The present application also provides a construction method for the human primary myelofibrosis cell strain, which is as follows:

- obtaining fresh peripheral blood of a patient with primary myelofibrosis (PMF) diagnosed at the first time; adding 6 ml of the peripheral blood dropwise into a 15 ml sterile centrifuge tube with 6 ml lymphocyte separation solution added in advance; centrifuging at 2000 revolutions for 20 minutes; after centrifugation, taking the white cell precipitate of the mononuclear cell layer and adding to a new 15 ml sterile centrifuge tube, and adding 5 ml sterile 1×PBS resuspended cells, and centrifuging at 2000 revolutions for 5 minutes; after discarding the supernatant, adding a sterile red blood cell lysate to lyse the cells at room temperature for 5 minutes, then centrifuging at 2000 revolutions for 5 minutes; discarding the supernatant, adding 5 ml IMDM complete medium (IMDM 90%+fetal bovine serum 10%) to resuspend the cells, and centrifuging at 1500 revolutions for 5 minutes; discarding the supernatant, adding 5 ml IMDM complete medium to resuspend the cells; using a cell counting plate to count cells, adding 1*10⁸cells into a 25 cm culture bottle, then adding an IMDM medium to 6 ml of mixed cells, and putting them into an incubator at 37 degrees Celsius with constant temperature and humidity to culture the cells; after 1 week, replacing the IMDM medium until the cells began to proliferate.

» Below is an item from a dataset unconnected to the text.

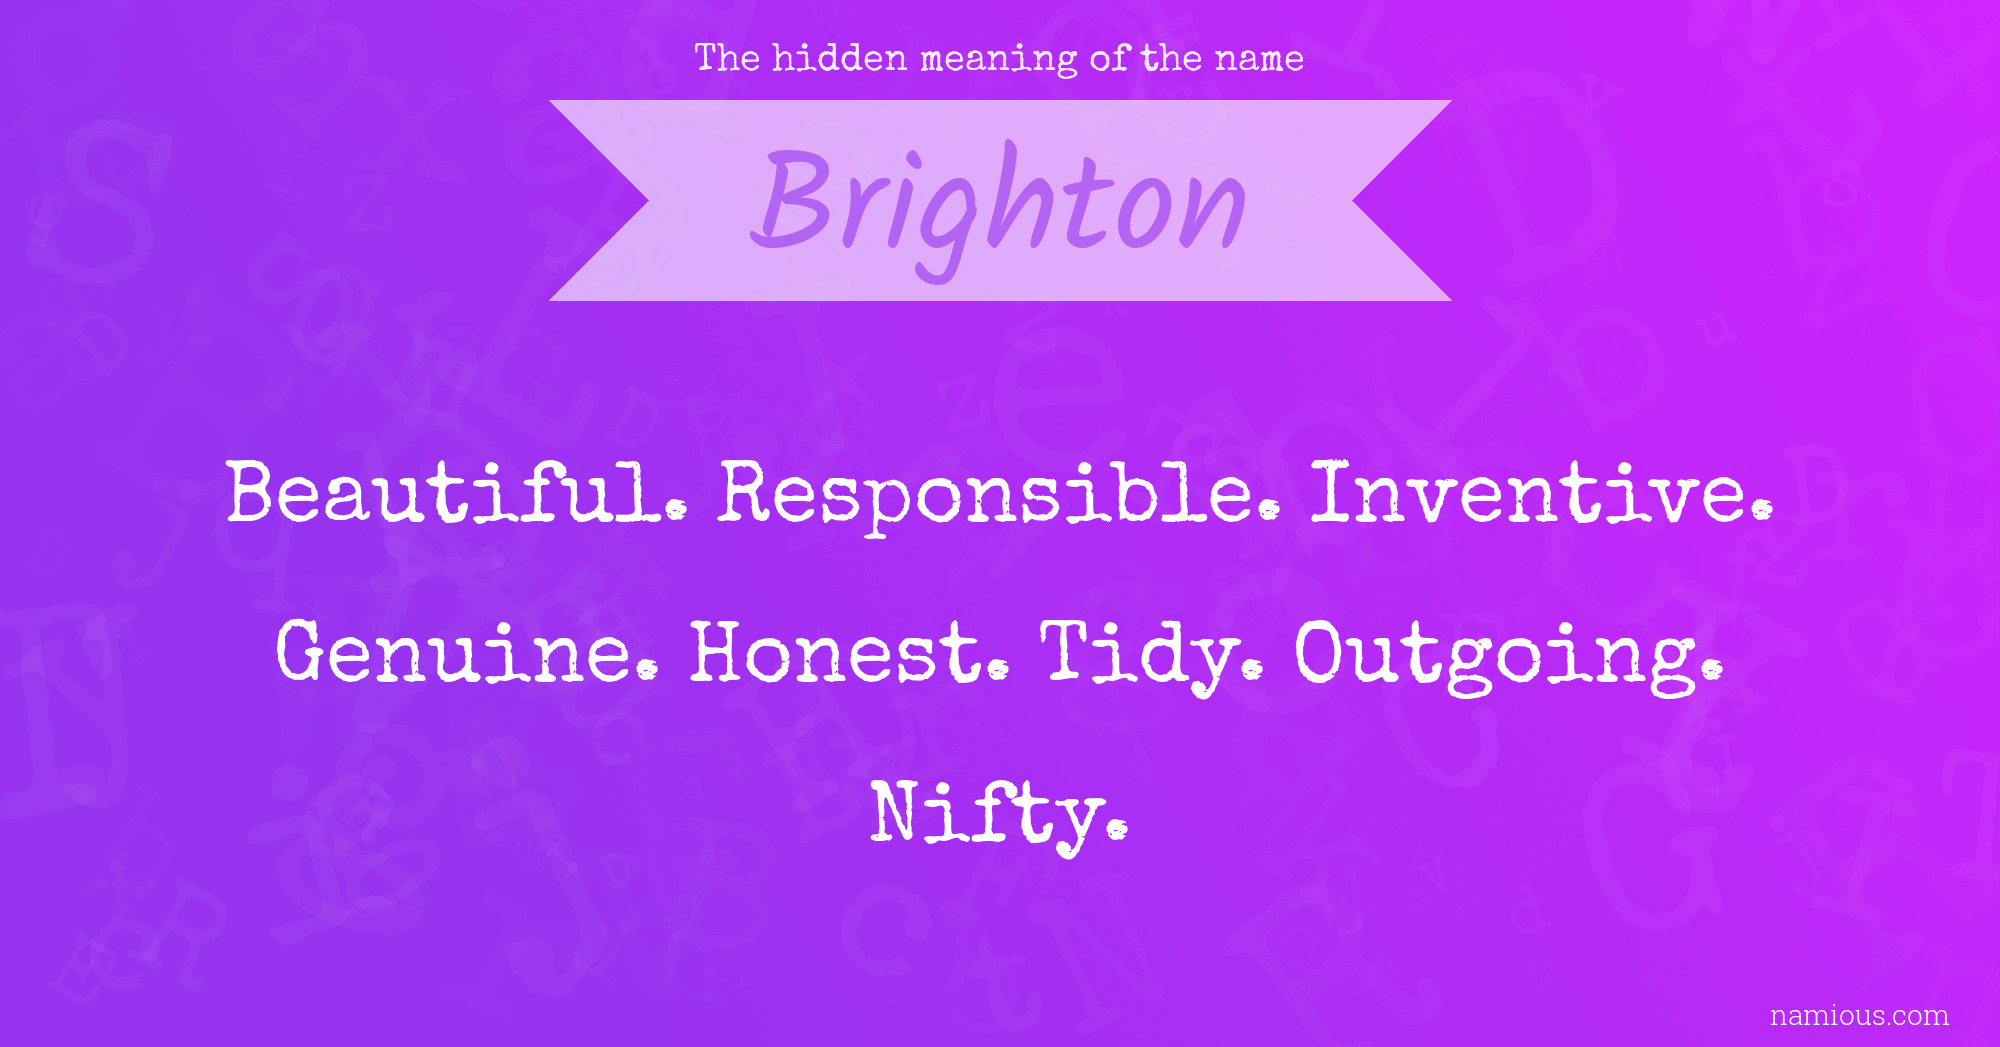 The hidden meaning of the name Brighton

The present application has the beneficial effects that the human primary myelofibrosis cell strain of the present application can be passaged indefinitely, the cell shape in vitro is stable, and it accords with the biological characteristics of clinical tumors. The human primary myelofibrosis cell strain is originated from PMF patients, with JAK2 mutation negative, CALR mutation negative, MPL mutation negative, ASXL1 mutation positive, TP53 mutation positive, FLT3 mutation positive and IKZF1 mutation positive. The human primary myelofibrosis cell strain can be used to study the mechanism of the occurrence and development of PMF. The cells can also be used to analyze the curative effect of new anti-PMF drugs and combined schemes, to screen and evaluate PMF drugs, and to guide clinical medication. It is of great significance to reveal PMF, an MPN with poor prognosis.

BRIEF DESCRIPTION OF DRAWINGS

The present application will be further explained with reference to the following examples and drawings.

FIG. 1 shows the results of staining of the human primary myelofibrosis cell strain Wright-Giemsa;

FIG. 2 is the expression chart of cell surface antigen of the human primary myelofibrosis cell strain;

FIG. 3 is a graph of cell growth of the human primary myelofibrosis cell strain at different cell densities;

FIG. 4 is the Circos diagram of genome variation of the human primary myelofibrosis cell strain.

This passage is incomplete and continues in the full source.